Recently I returned from Ottawa. Being in that city reinforced something for me that I had always believed in at some level. Cities should endeavour to make themselves engaging visual landscapes. I have long thought that we should return to the practice of erecting statues to honour important individuals and events in our communities.
In Ottawa I saw a number of public parks while I explored the city. Virtually every public space had a piece of art at its heart. My favourite example was Confederation Park. In the middle of the park is a memorial to Native soldiers and their contribution to Canada. It’s a beautiful monument. Surrounding it is verdant greenery and comfortable sitting.
Major’s Hill Park is simple, but I feel underlines the point. The park oversees the Rideau Canal as it spills into the Ottawa River, and Parliament Hill. Despite its wonderful view the park itself is quite simple. It has manicured lawns and narrow paths. Low bushes make each section a private and quiet. The focal point is a statue of Lieutenant-Colonel John By, who used to live on the grounds of the park and was critical in the founding of the city.
What really got me thinking about the importance of public art is when I walked from ByWard Market to the National Galley. Obviously I had art on the mind, but what struck me was the juxtaposition of the Gallery to the Notre-Dame Cathedral Basilica. The Cathedral stands across from a gigantic sculpture in the shape of a spider. But what I realized was that the Cathedral itself was a piece of art. The ornate and glittering building was as much of a draw as any exhibition on the grounds of the Gallery.

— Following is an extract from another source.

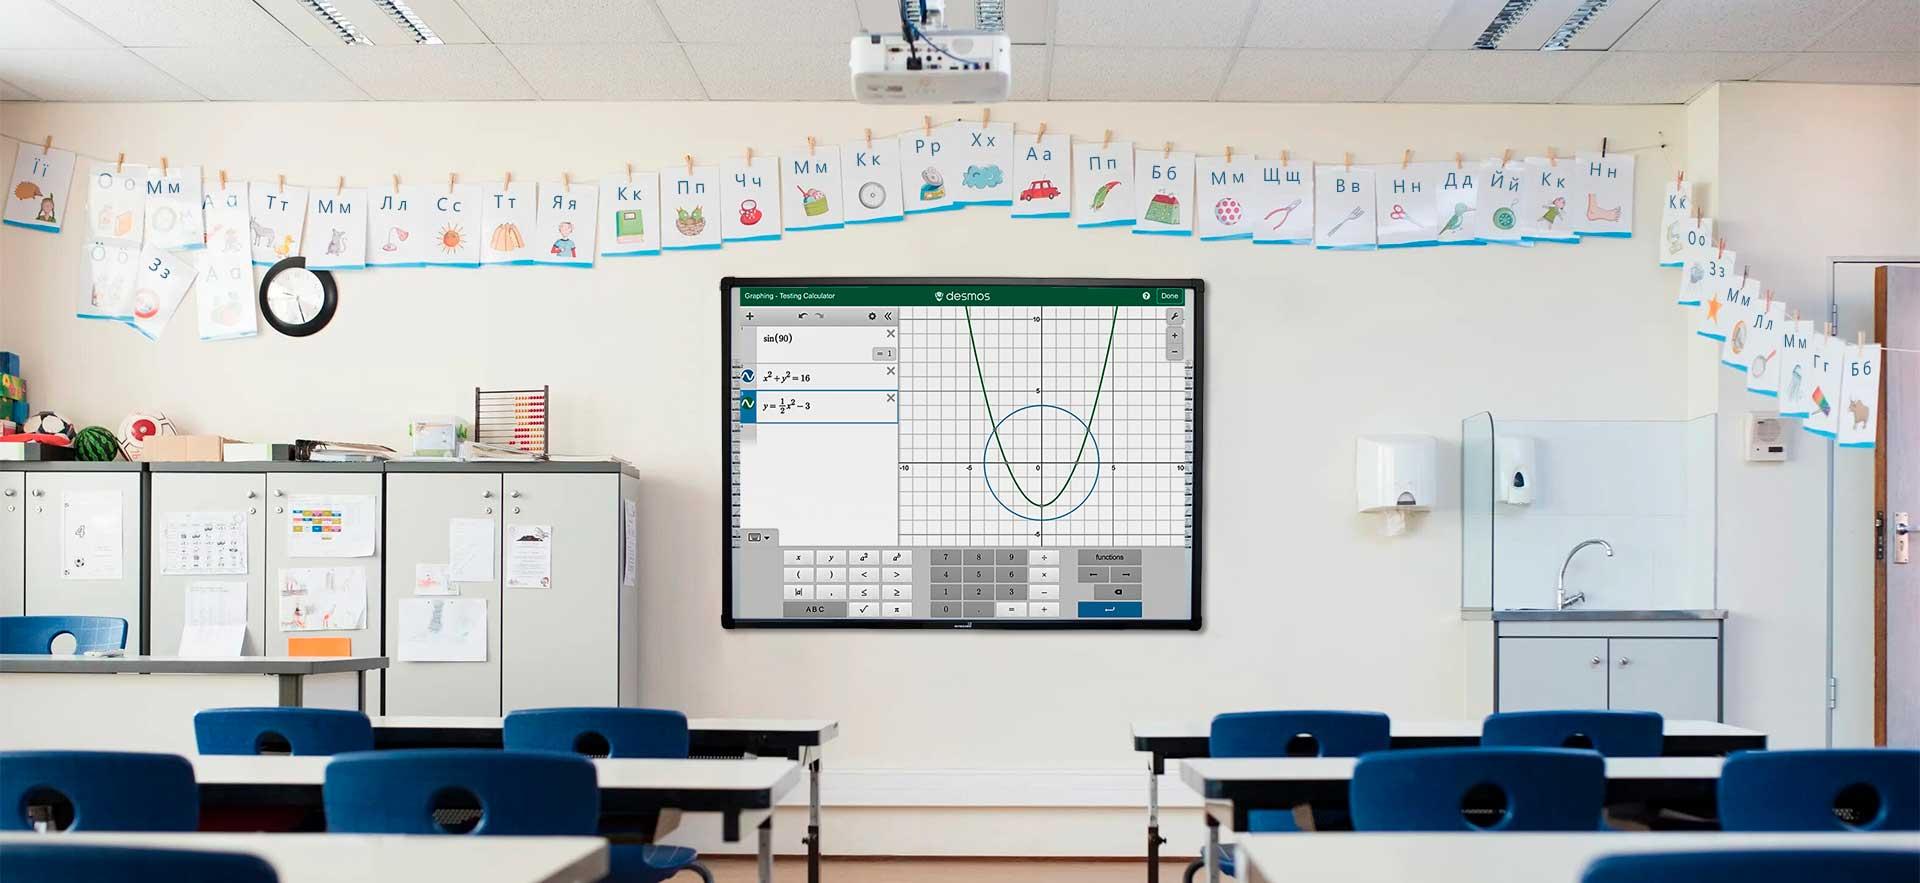 доска в классе интерактивная
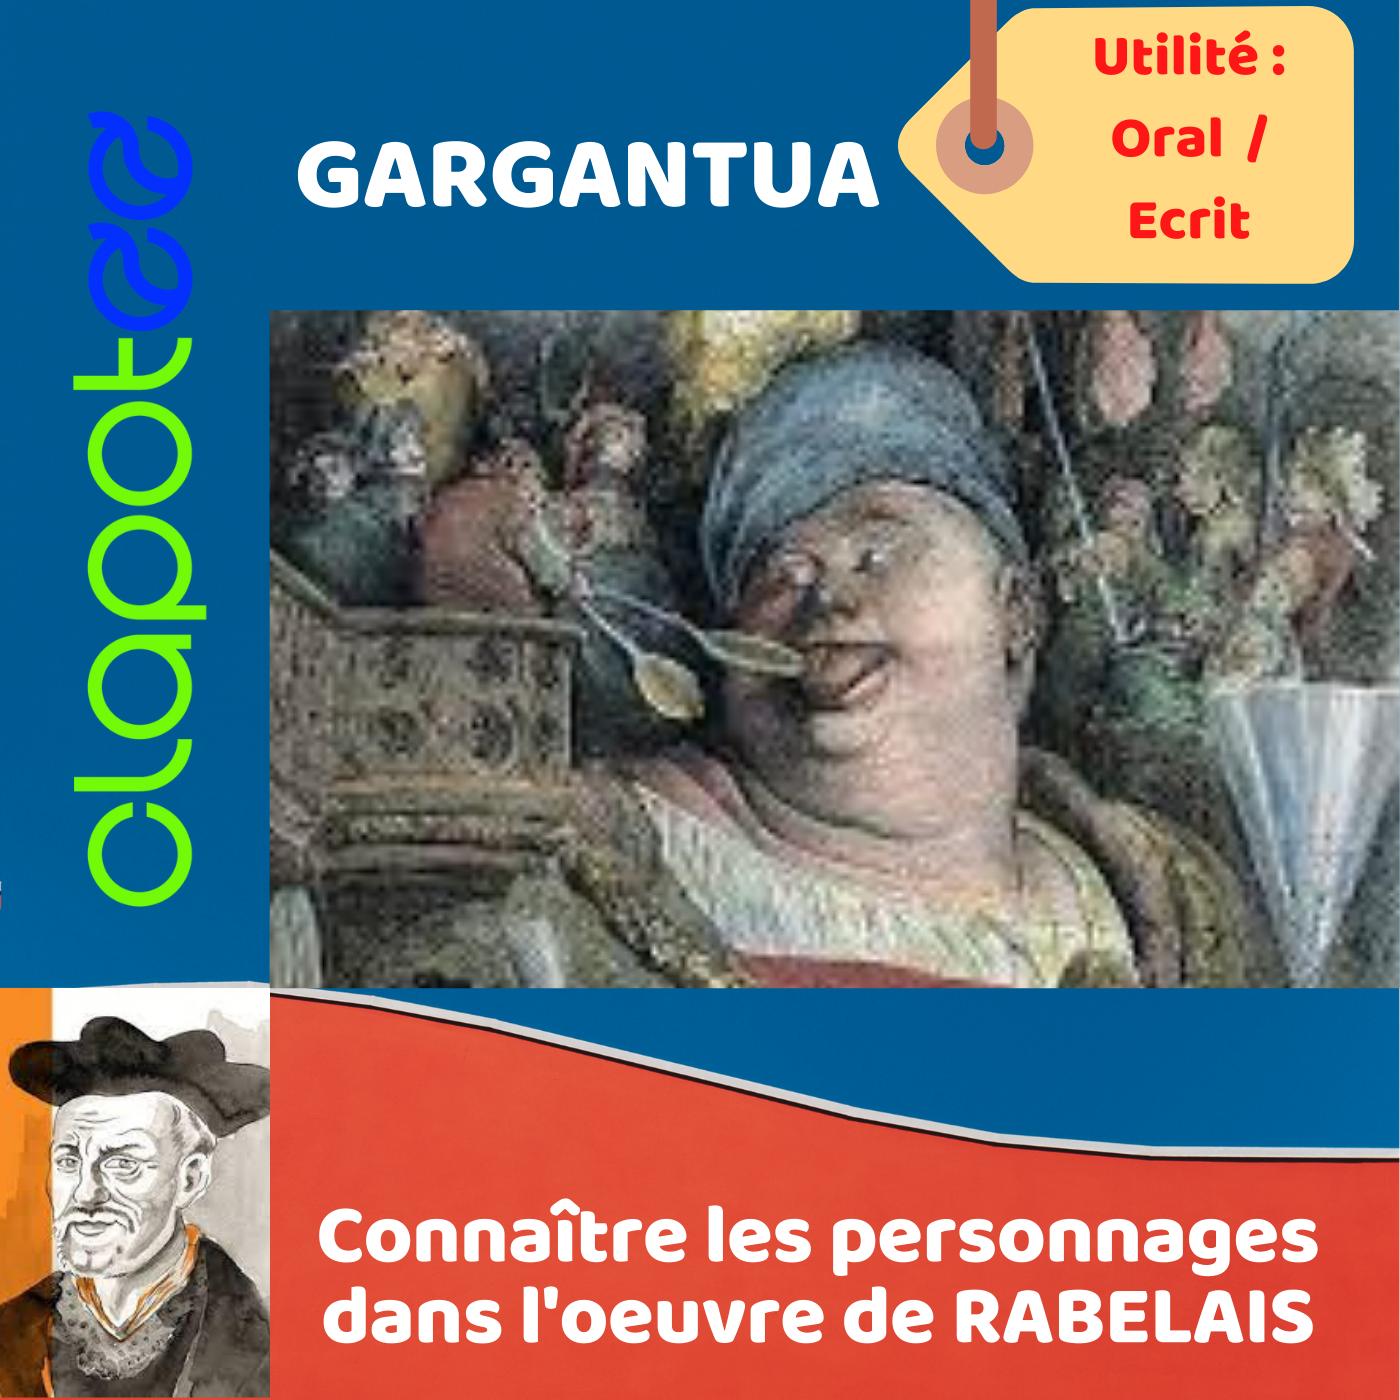 GARGANTUA, le personnage éponyme de l'oeuvre de RABELAIS.

I think we as Canadians need to take a greater interest and have more passion for our communities. Part of the way to get to that point is to be proud of where we come from. Part of building a sense of pride is finding beauty in your home. People who feel a connection tend to like where they leave, or even love it reflect it in the maintenance and improvement of their own homes, even when they are rentals.
Whenever discussions of public or community art are raised people object to the use of public moneys on these efforts. “This money could better be used for alleviating poverty,” or “public funds should not support the arts.” This might be right, maybe it is a middle-class conceit that I want to see our public spaces decorated with monuments celebrating our culture and history; a civic luxury.
Still – these pieces of art draw us to our public spaces and enrich our lives. I’m tired of parks with a jungle gym in the centre and big empty lawns sprinkled with trees. These parks dedicated in the name of a John Smith, with no indication of who he (or she) was and what he (or she) looked like. What if we give our local artists opportunities to have their sculptures placed in our open spaces, we could have the public consulted and competitions held. I would like to see the province or federal government create an endowment for the support of the capital costs for these projects.
I don’t know terribly too much about art, but I know how people react to it. We are drawn to it, and it engages our minds in reflection. It also creates a sense of community, and landmarks. It is something I think we should consider more seriously.